OpacityCount_3_df=train_Merged_df[train_Merged_df['OpacityCount']==3][['Study_Result','OpacityCount',]]


In [None]:
OpacityCount_3_df.value_counts().plot(kind='pie',autopct='%1.2f%%',fontsize=14,figsize=(4,4))
plt.show()

When OpacityCount is 3, there are 83.06 of data which has Typical Study Result,7.65% of ATypical and 
9.29% of Indeterminate Study Results.


In [None]:
OpacityCount_2_df=train_Merged_df[train_Merged_df['OpacityCount']==2][['Study_Result','OpacityCount',]]
OpacityCount_2_df.value_counts().plot(kind='pie',autopct='%1.2f%%',fontsize=14,figsize=(4,4))
plt.show()

When OpacityCount is 2, there are 85.22 of data which has Typical Study Result,3.69% of ATypical and 
11.08% of Indeterminate Study Results.

In [None]:
OpacityCount_1_df=train_Merged_df[train_Merged_df['OpacityCount']==1][['Study_Result','OpacityCount',]]
OpacityCount_1_df.value_counts().plot(kind='pie',autopct='%1.2f%%',fontsize=14,figsize=(4,4))
plt.show()

When OpacityCount is 1, there are 70.40 of data which has Indeterminate Study Result,2.77% of Typical and 
26.82% of ATypical Study Results.

In [None]:
OpacityCount_0_df=train_Merged_df[train_Merged_df['OpacityCount']==0][['Study_Result','OpacityCount','label']]
OpacityCount_0_df.value_counts().plot(kind='pie',autopct='%1.2f%%',fontsize=14,figsize=(4,4))
plt.show()

When OpacityCount is 0, Mostly Study Results were Negative(85.1%).But also includes
Indeterminate(2.89%),ATypical(4.5%) and Typical(7.5%).

### Analysing OpacityCount 0 data with Typical Study Result

In [None]:
OpacityCount_0_df[OpacityCount_0_df['Study_Result']=='Typical']

## OBSERVATIONS FROM Basic Data Analysis and EDA:

1. There were no missing values in train_study_level dataset.


2. When EDA is Performed on train_study_level dataset, we observed that Data is Highly Imbalanced 
   and near to 50% of Study results are Typical.Rest 50% include Negative,Atypical and Indeterminate.
   

3. There were 2040 missing values in Box Column in Train_Image_level dataset.


4. There were no duplicate data.


After Merging the both the datasets train_study_level and train_Image_level, we observed below points.

5. When Opacity values are available in Label column, study results were mostly Typical(2854 records),
   followed by Indeterminate(1049 records) and Atypical(391 records).
   
    
6. When there is no Opacity values available in Label column, most of the Study Results were Negative(1736 records) 
    which indicates there was no lung infection in most cases.
    But surprisingly there were records with Typical (153 records) ,Atypical(92) and Indeterminate (59) 
    study results as well with None opacity values.
    

7. There were multiple Opacity values available for each study result which indicates either multiple images available or 
   multiple boxes in single image.
    Multiple values of Opacity Count is 2, 0, 1, 3, 4, 8, 5.
    
    
8. There is only one record with opacity count 8 and the study result is Typical.

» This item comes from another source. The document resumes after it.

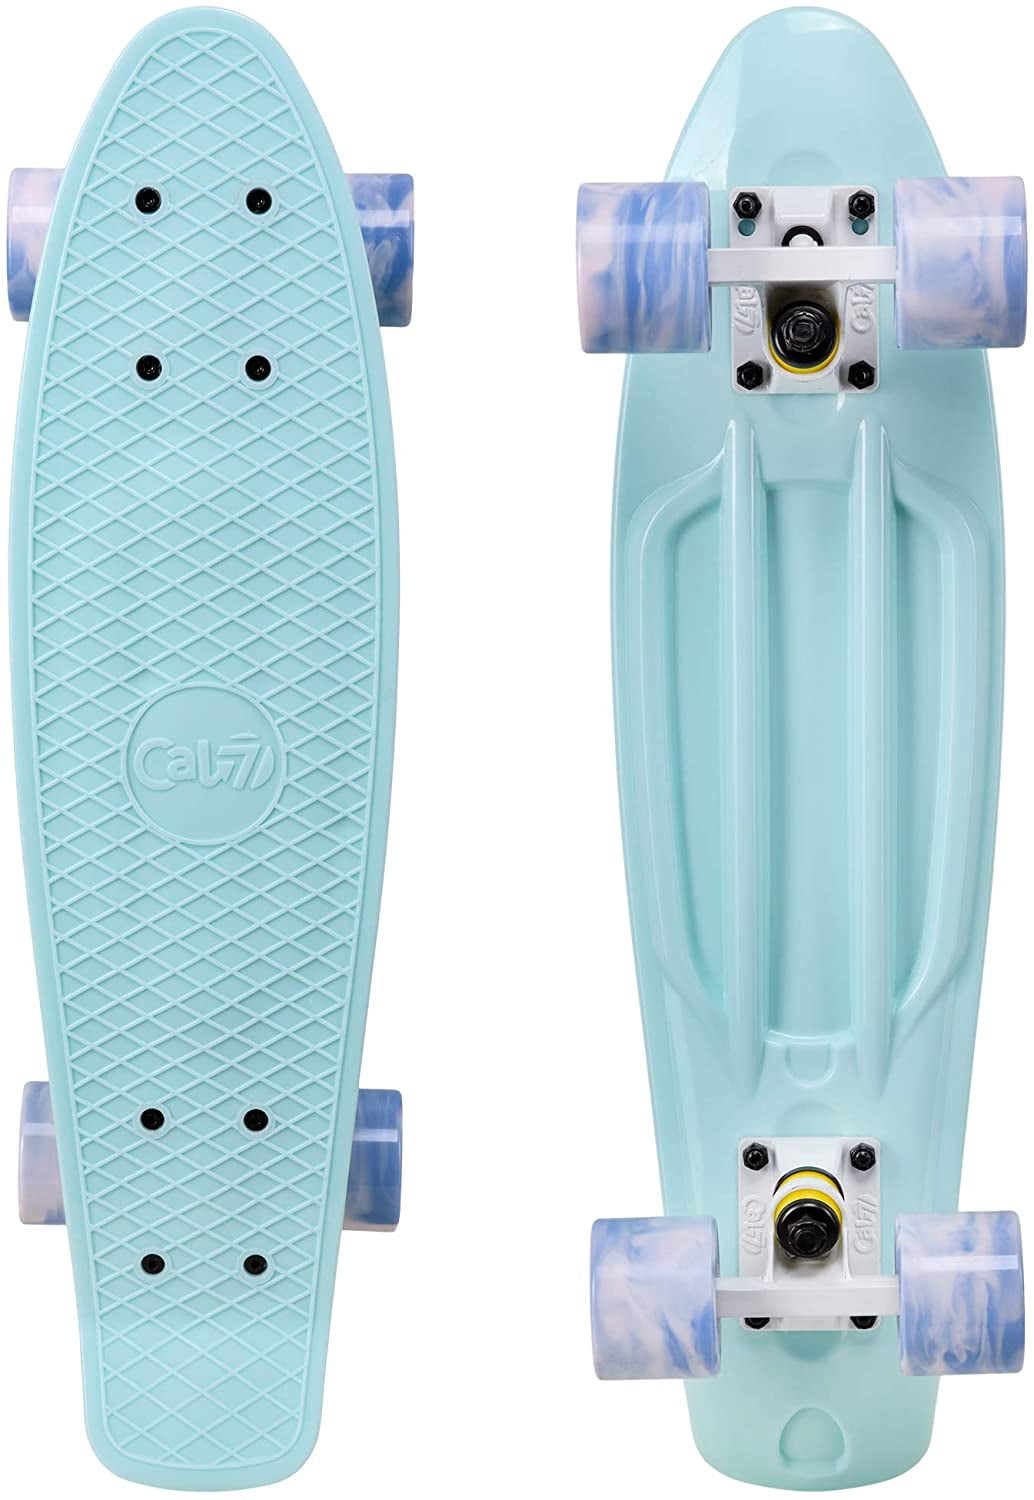 New Plastic Complete Cruiser Penny Style Skateboard Board 22" 9 colors 
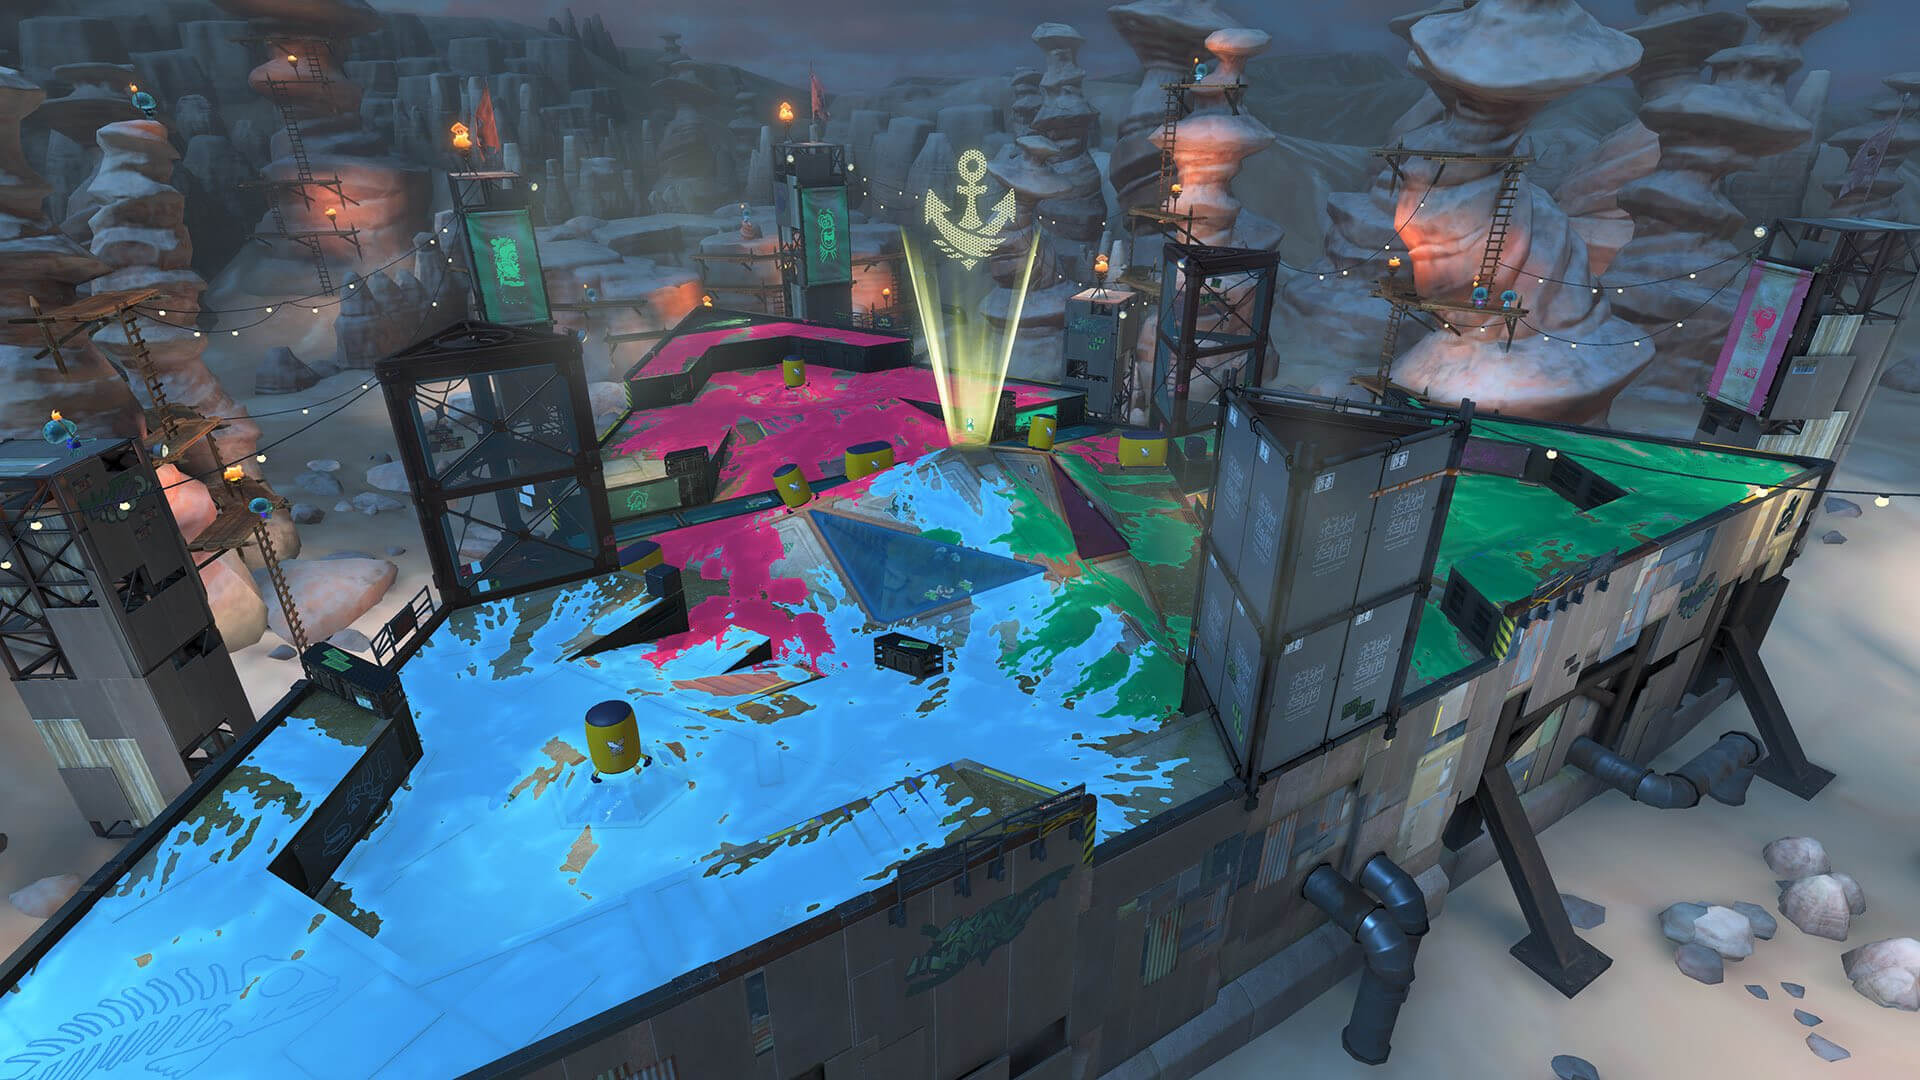 The new Scorch Gorge, which features a Triforce to commemorate the Splatoon 3 Zelda Splatfest

9. There is only one record with opacity count 5 and the study result is Indeterminate.


10. When OpacityCount is 4, there are 91.3% of data which has Typical Study Result,4.35% of ATypical and 
    4.35% of Indeterminate Study Results.
    
    
11. When OpacityCount is 3, there are 83.06 of data which has Typical Study Result,7.65% of ATypical and 
    9.29% of Indeterminate Study Results.


12. When OpacityCount is 2, there are 85.22 of data which has Typical Study Result,3.69% of ATypical and 
    11.08% of Indeterminate Study Results.


13. When OpacityCount is 1, there are 70.40 of data which has Indeterminate Study Result,2.77% of Typical and 
    26.82% of ATypical Study Results.


14. When OpacityCount is 0, Mostly Study Results were Negative(85.1%).But also includes
Indeterminate(2.89%),ATypical(4.5%) and Typical(7.5%).